#### [Your instructions]
Your output should be the complete listing, word for word, with no pictures in it.

(Data shown)

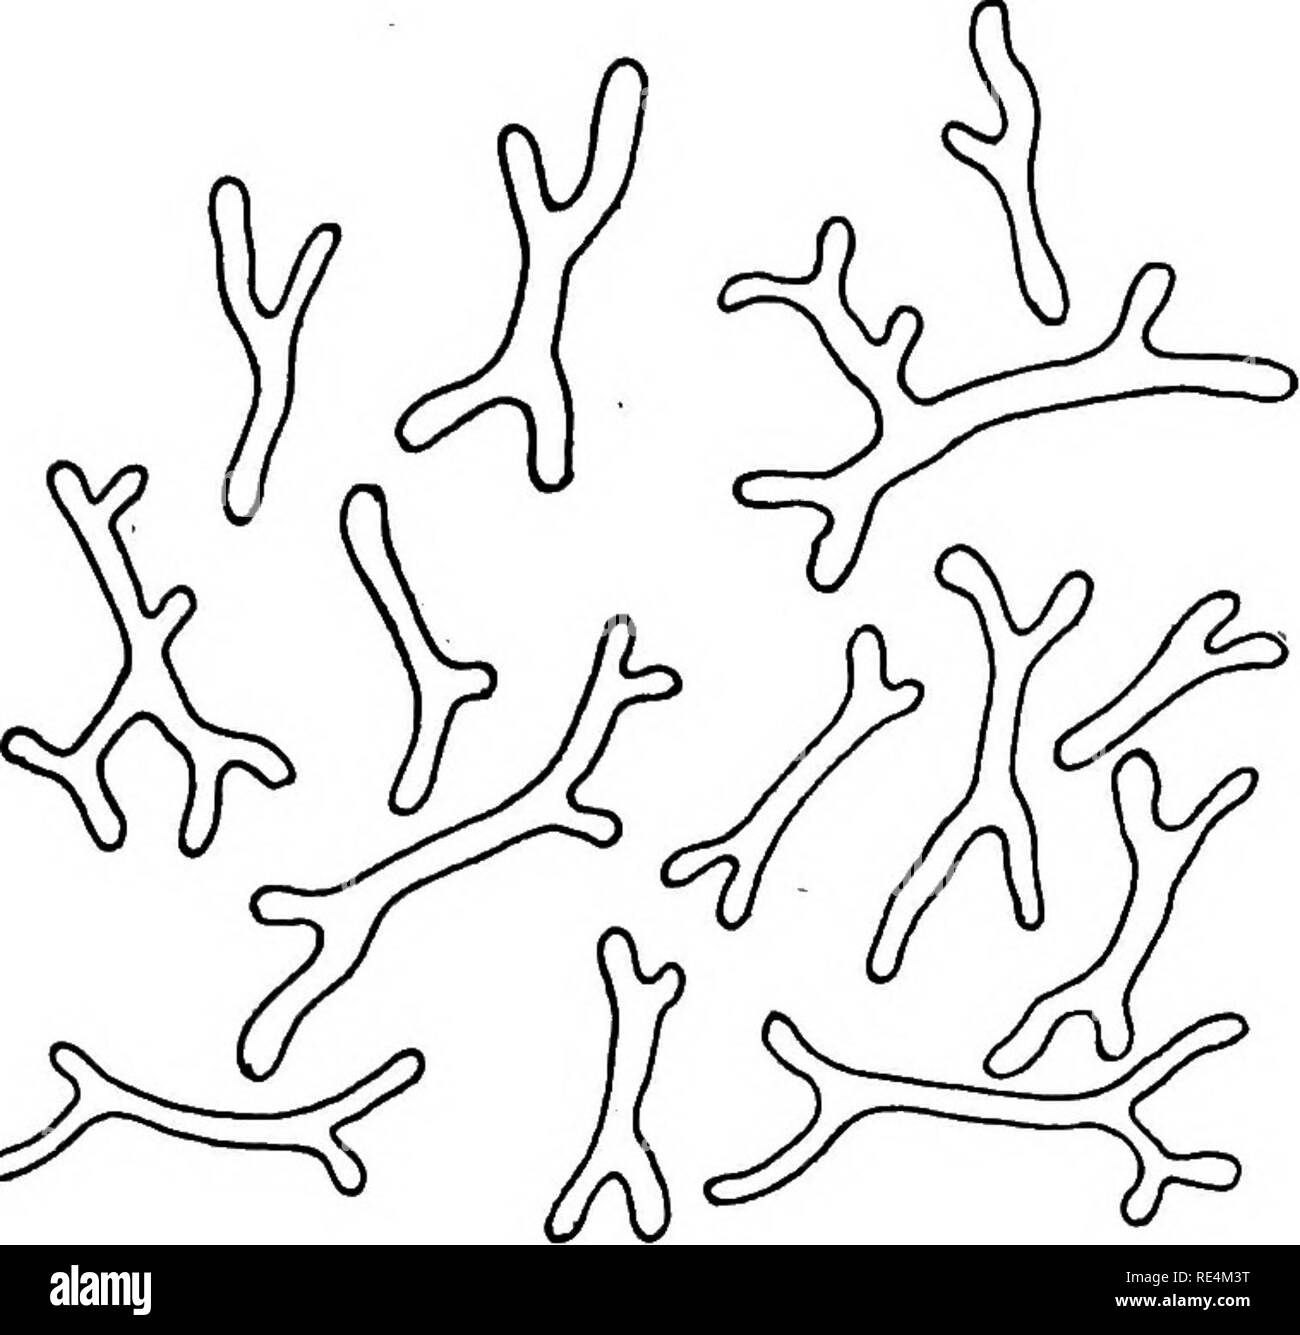 . Bactériologie pharmaceutique. Bactériologie, désinfection et de désinfectants. Les BACTÉRIES DANS LES INDUSTRIES 17s. &Gt ;^ Fig. SS---r- mutabile de les nodules des racines de TrifoUum heterodon, montrant l'ex- trême forme variation due à l'hyper-croissance. Les formulaires figurant aux porcs. 52, S3. 54. SS et s6 sont simplement des formes d'involution de la même espèce en raison des différences dans l'environnement et relation hôte. Les organes de la chromatine dans les formes hyper-alimentation (Fig. 54) sont probablement réserver des produits. '&Lt ; =^ ^ Cochon. s6. Cochon. 57. Fig. s6--torms Involution de R. mutabile comme ils se produisent dans la culture artificielle (boeuf Banque D'Images
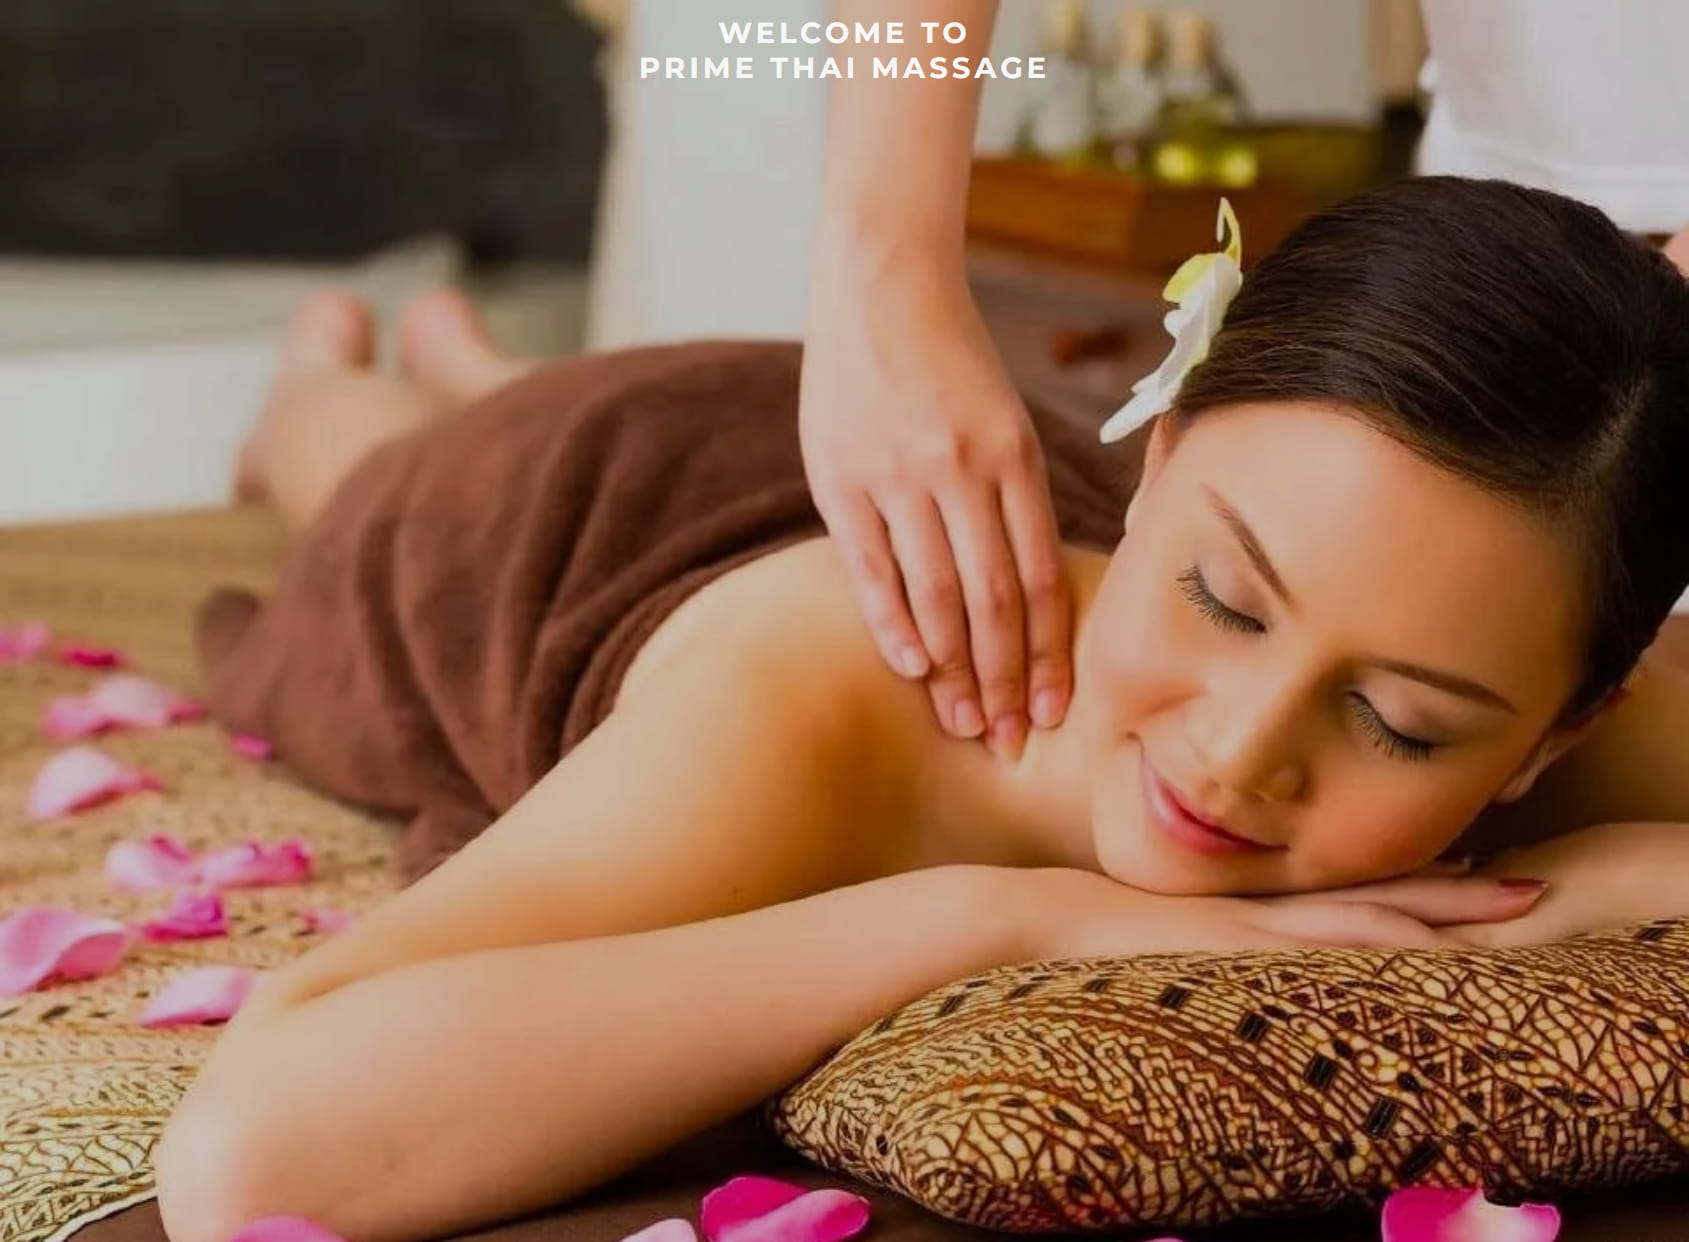 Prime Thai Massage
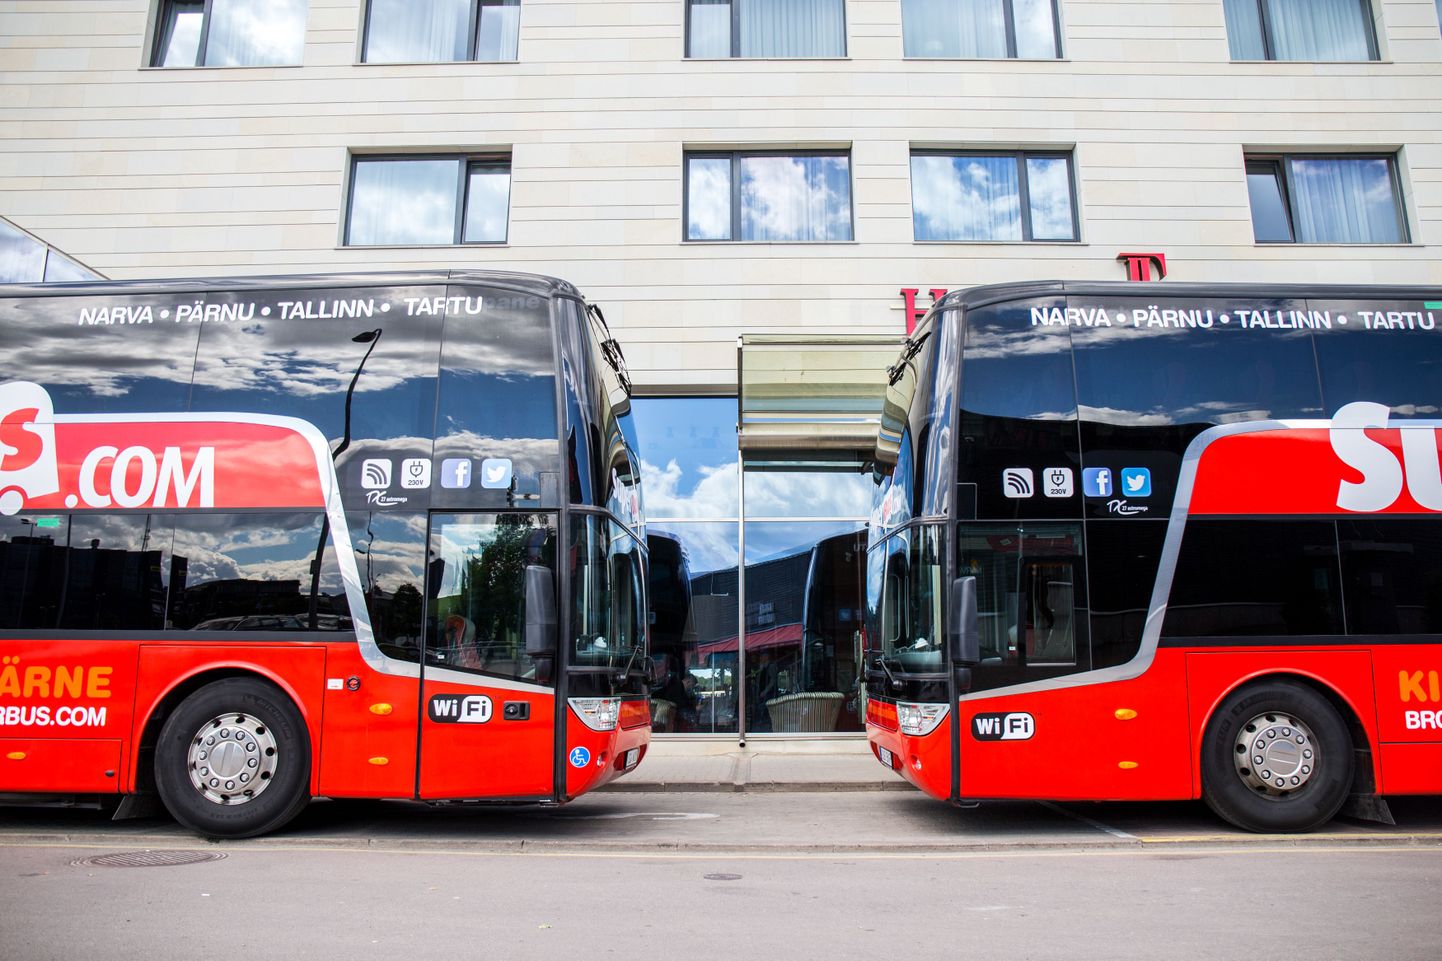 Selle aasta esimesel oktoobril avab Superbus uue bussiliini Tallinna ja Poola vahel.

(End Data shown)

#### [Worked solution]
 . Bactériologie pharmaceutique. Bactériologie, désinfection et de désinfectants. Les BACTÉRIES DANS LES INDUSTRIES 17s. &Gt ;^ Fig. SS---r- mutabile de les nodules des racines de TrifoUum heterodon, montrant l'ex- trême forme variation due à l'hyper-croissance. Les formulaires figurant aux porcs. 52, S3. 54. SS et s6 sont simplement des formes d'involution de la même espèce en raison des différences dans l'environnement et relation hôte. Les organes de la chromatine dans les formes hyper-alimentation (Fig. 54) sont probablement réserver des produits. '&Lt ; =^ ^ Cochon. s6. Cochon. 57. Fig. s6--torms Involution de R. mutabile comme ils se produisent dans la culture artificielle (boeuf Banque D'Images
 Prime Thai Massage
 Selle aasta esimesel oktoobril avab Superbus uue bussiliini Tallinna ja Poola vahel.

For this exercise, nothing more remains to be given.